The experiment was conducted under two settings: the Base Dataset and the Extended Dataset. In the Base Dataset setting, we used the original MBTI dataset from Kaggle [
14] and split each MBTI type equally into 50% training and 50% test sets. Although a 1:1 train–test split is not standard in typical machine learning practice, we deliberately adopted this ratio to ensure that even low-resource classes would have enough test samples to allow stable and interpretable evaluation. This decision aligned with the core objective of the study—not to build the most optimized model, but to assess the contribution of GPT-generated text under controlled and comparable conditions.
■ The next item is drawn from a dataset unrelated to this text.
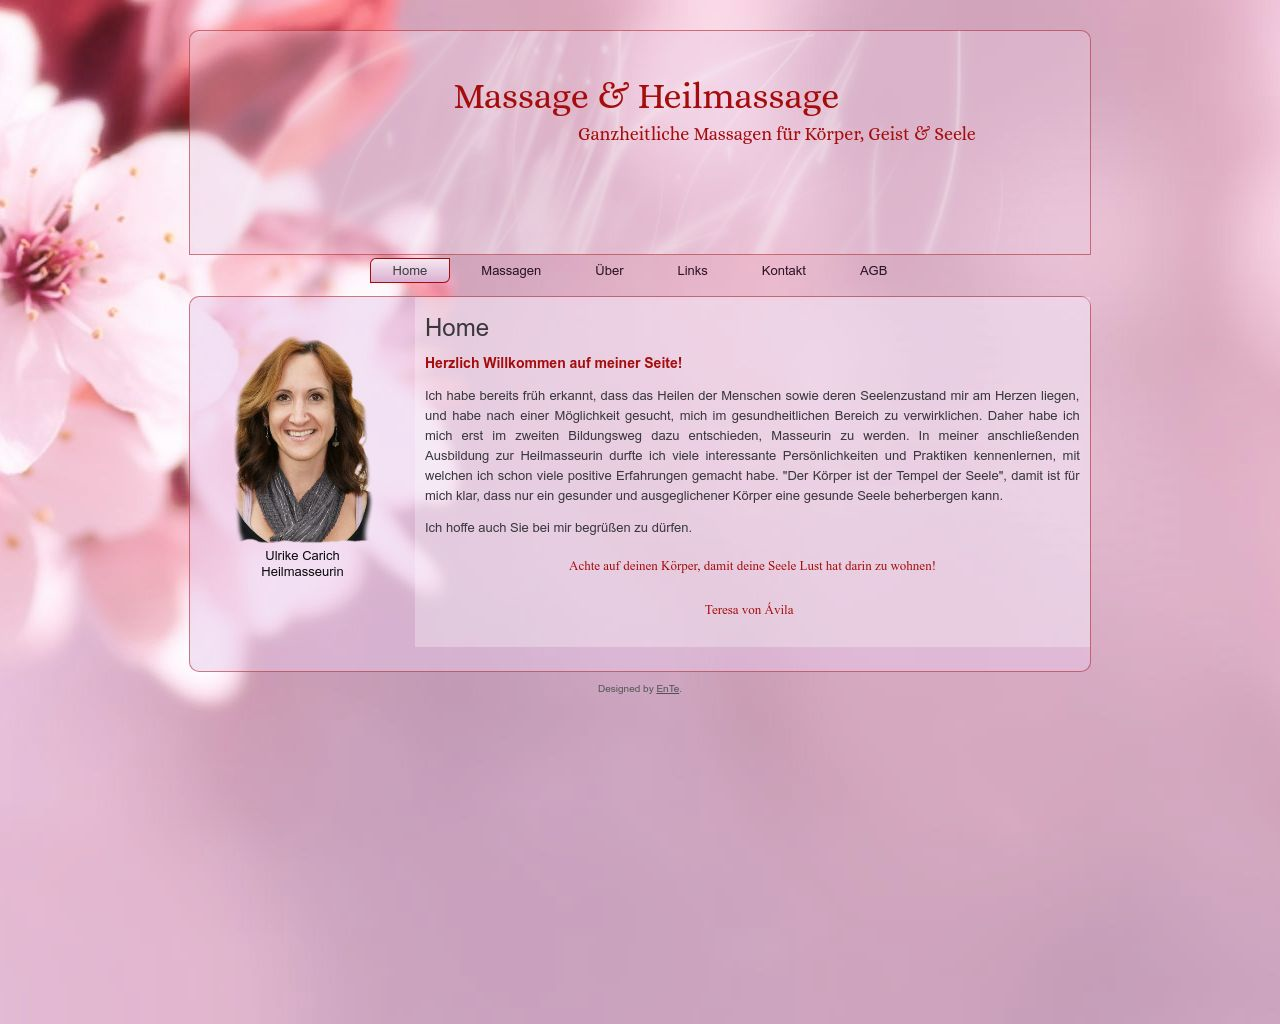 Bild Website massage-teber.at in 1280x1024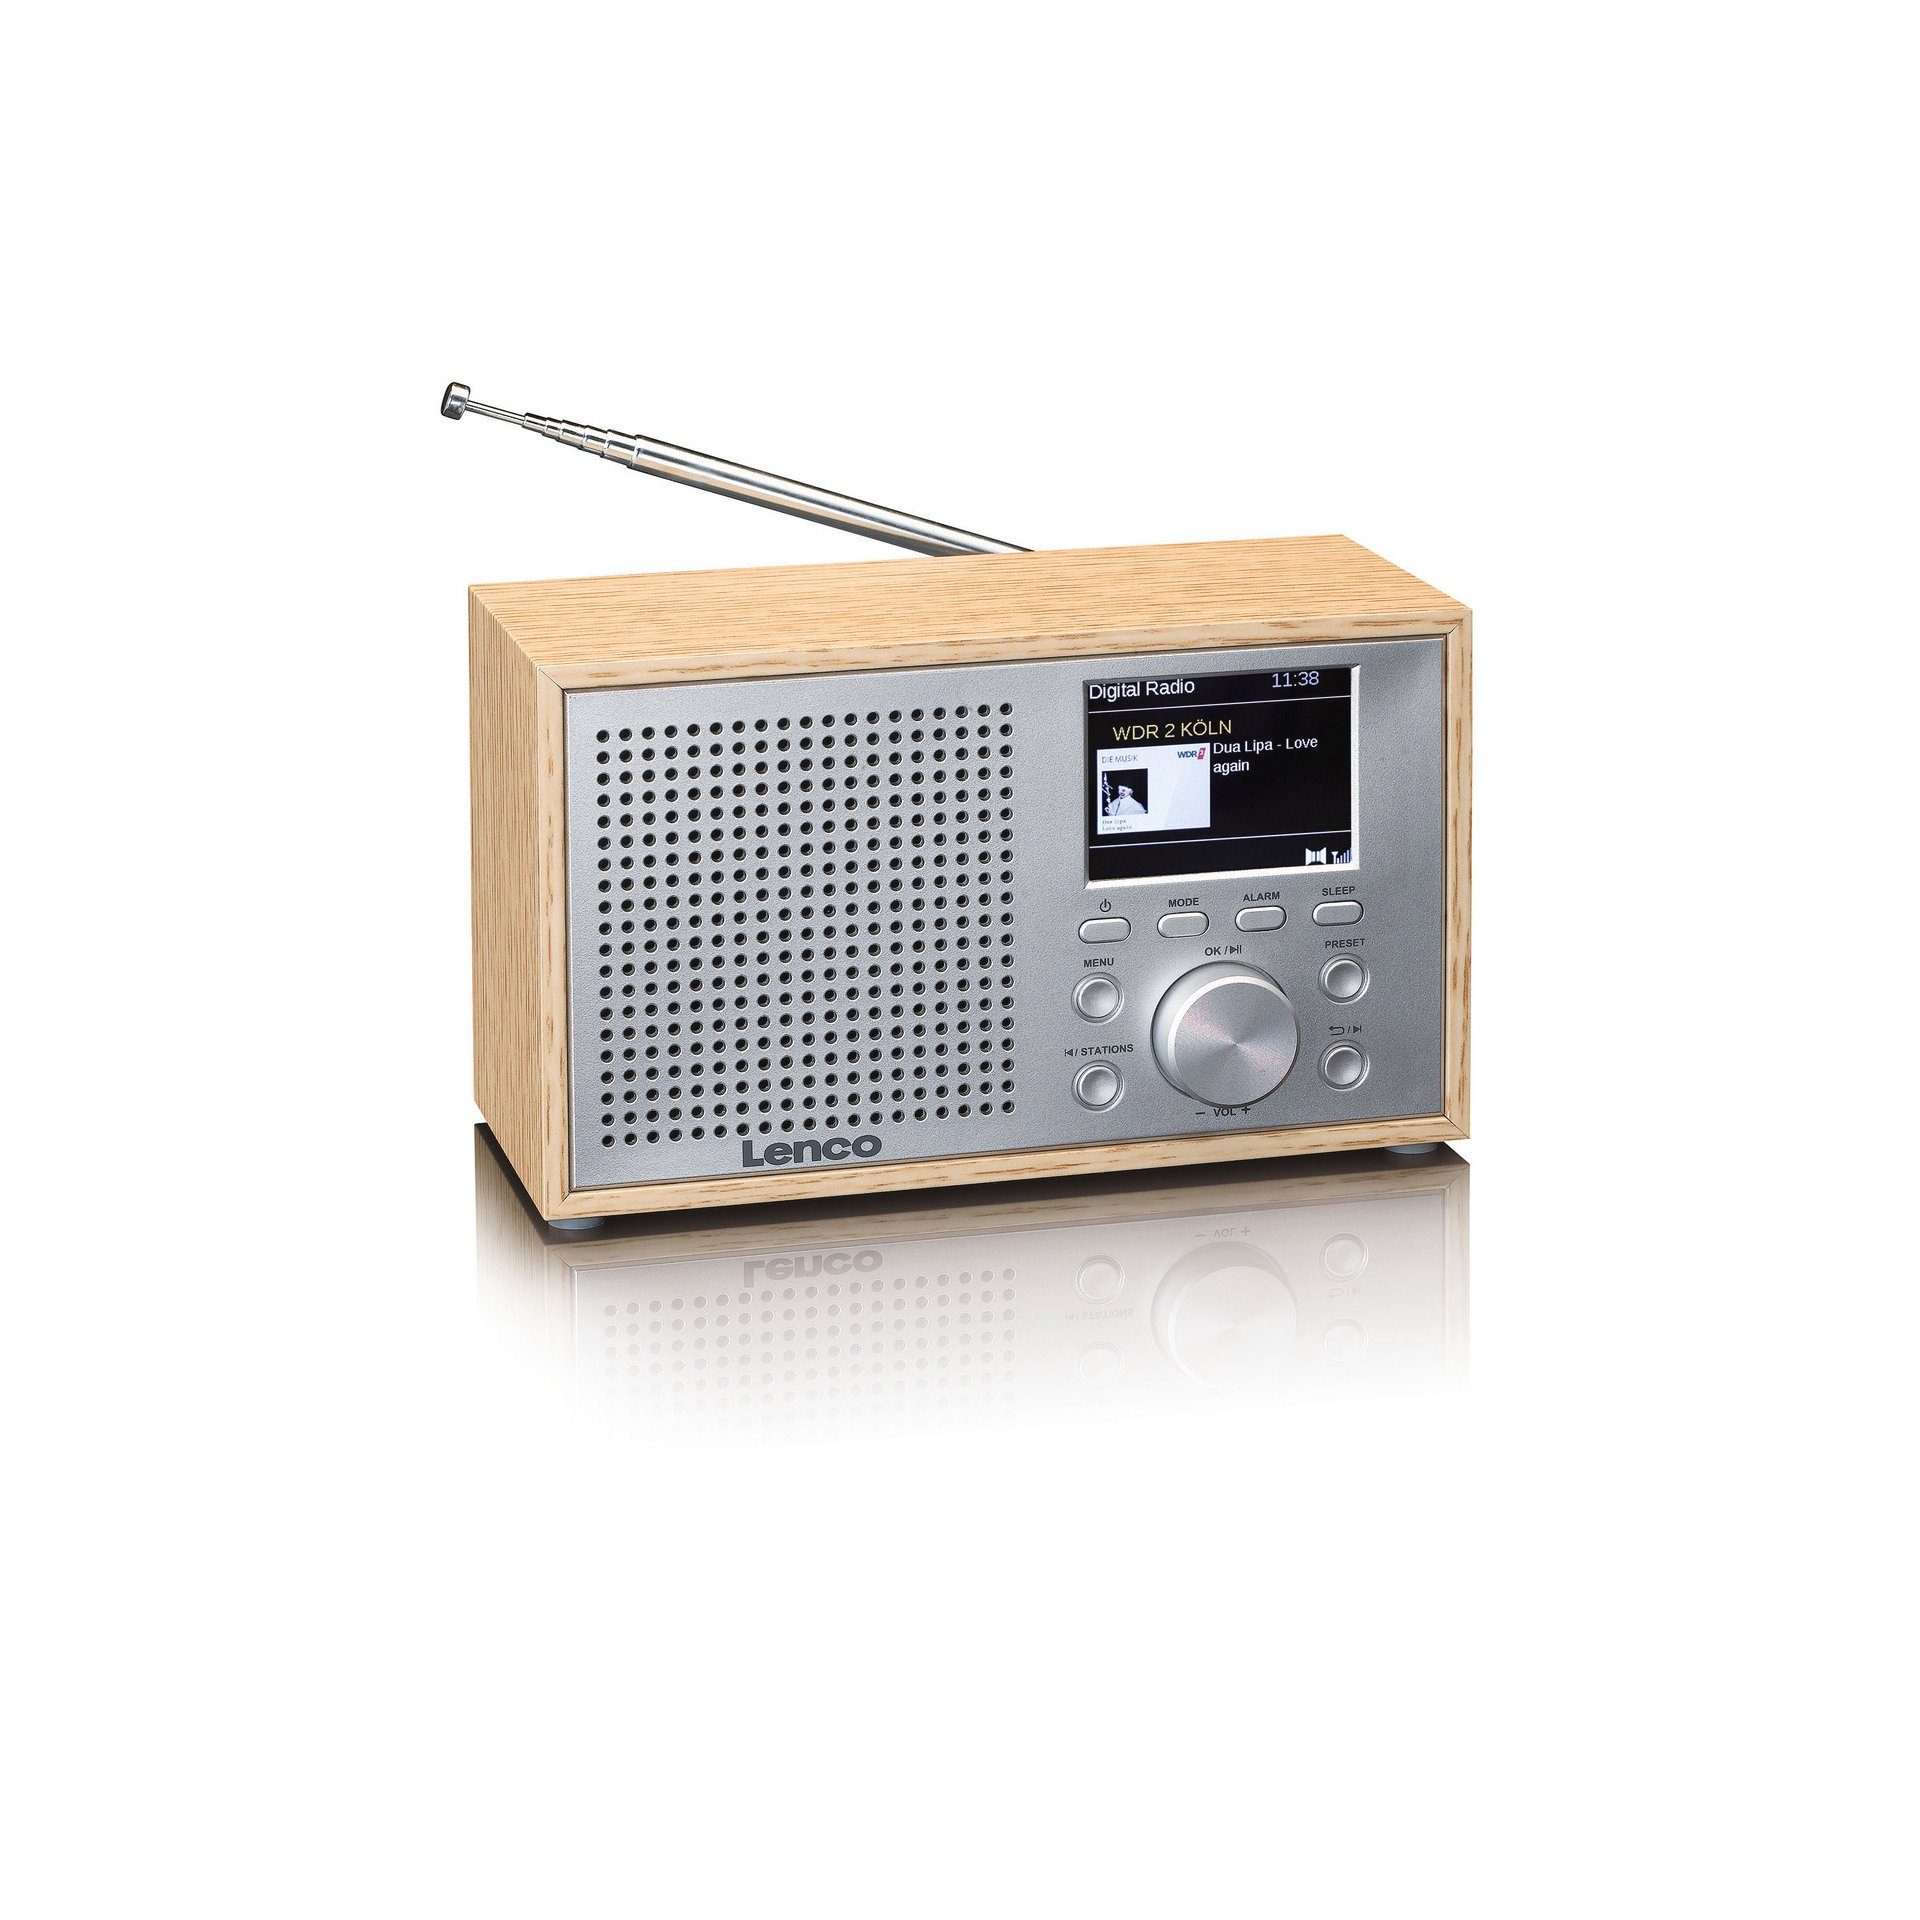 Lenco DAR-017 DAB+/FM Radio mit (DAB), W) Bluetooth Hellbraun;Silber (DAB) Digitalradio (Digitalradio 3

The Extended Dataset setting built on the Base Dataset by supplementing the training data for four low-resource MBTI types—ESTP, ESFP, ESFJ, and ESTJ—with synthetic samples generated by GPT. For each of these types, we increased the number of training examples to a total of 200 by combining the original Kaggle data with GPT-generated posts, while keeping the test sets unchanged. In this setup, the Base Dataset consisted of a straightforward 50:50 split of the original data, whereas the Extended Dataset added synthetic text to reach 200 training examples per class for the selected types. The resulting sample distribution is visualized in
Figure 2.
This design allowed us to directly assess whether GPT-generated text contributed to model improvement. If performance improved, we could infer that synthetic text was useful in supplementing scarce data. Conversely, if no improvement was observed, the setup still offered clear evidence that the synthetic data may have lacked sufficient informativeness or compatibility with the learning model.
Our analysis followed a conventional approach to text classification, combining traditional feature-based methods with machine learning models. We began by cleaning and tokenizing the text data, removing stop words and special characters, and applying basic normalization. From the preprocessed text, we generated 3-g features—sequences of three consecutive tokens. Each document was then represented as a frequency vector based on these N-grams and used as input to the classification models. For classification, we experimented with a variety of models, including gradient boosting methods such as LightGBM [
15,
16], CatBoost [
17], and XGBoost [
18]; ensemble-based methods such as Random Forest and Extra Trees; a distance-based method (K-Nearest Neighbors); a simple feedforward neural network; and a weighted ensemble meta-model [
19] that combined the outputs of individual classifiers. Model performance was evaluated on the test set using precision, recall, F1 score, and Area Under the Curve (AUC).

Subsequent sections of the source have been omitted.